Limitations & Future Work¶

Instruction following (gender/age) decreased after DPO; addressing preference data bias is necessary (e.g., online policy optimization with attribute bias penalties).
Training data is predominantly Chinese pop (>90%); cross-lingual and cross-genre generalization remains to be verified.
Currently supports only sentence-level duration prediction; finer word-level or phoneme-level control has not been explored.
Internal datasets and parts of the model are not public, limiting reproducibility.

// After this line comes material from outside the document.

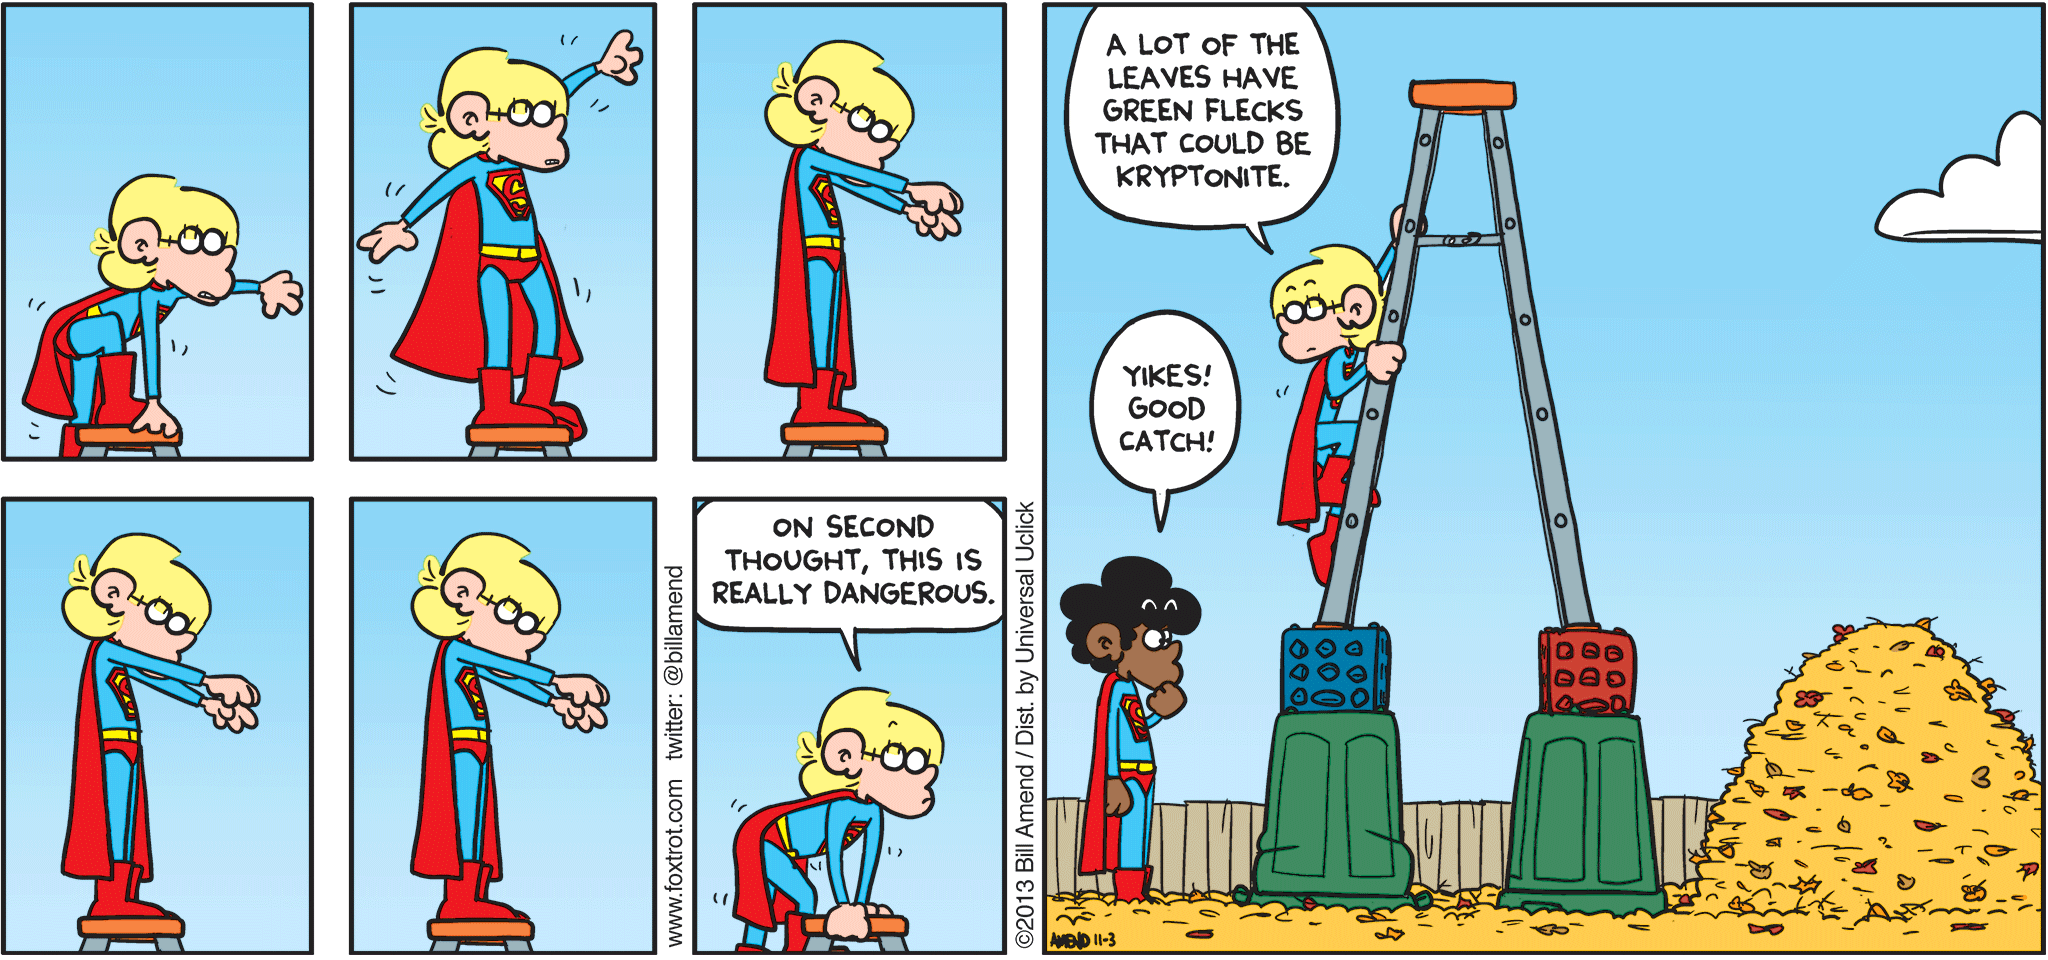 FoxTrot by Bill Amend - "Super Safe" published November 3, 2013 - Jason: On second thought, this is really dangerous. A lot of the leaves have green flecks that could be kryptonite. Marcus: Yikes! Good catch!

While NAR methods like DiffRhythm, ACE-Step, and JAM accelerate generation, they lack fine-grained control; SegTune's segmented condition paradigm can be generalized to other NAR frameworks.
Music ControlNet introduced time-varying control but focused on instrumental music; SegTune extends this to full songs (vocals + accompaniment).
The LLM duration predictor approach can inspire other multimodal generation tasks requiring temporal alignment.

Rating¶

Novelty: ⭐⭐⭐⭐ Segment-level text conditions and LLM duration prediction are innovative designs.
Experimental Thoroughness: ⭐⭐⭐⭐ Comprehensive objective metrics (PER, AudioBox, SongEval, MuLan, attribute accuracy) plus ablation and subjective MOS.
Writing Quality: ⭐⭐⭐⭐ Clear structure with a complete logical chain from motivation to method and experiments.
Value: ⭐⭐⭐⭐ Solves the core problem of lack of fine-grained control in NAR song generation with a solid engineering loop.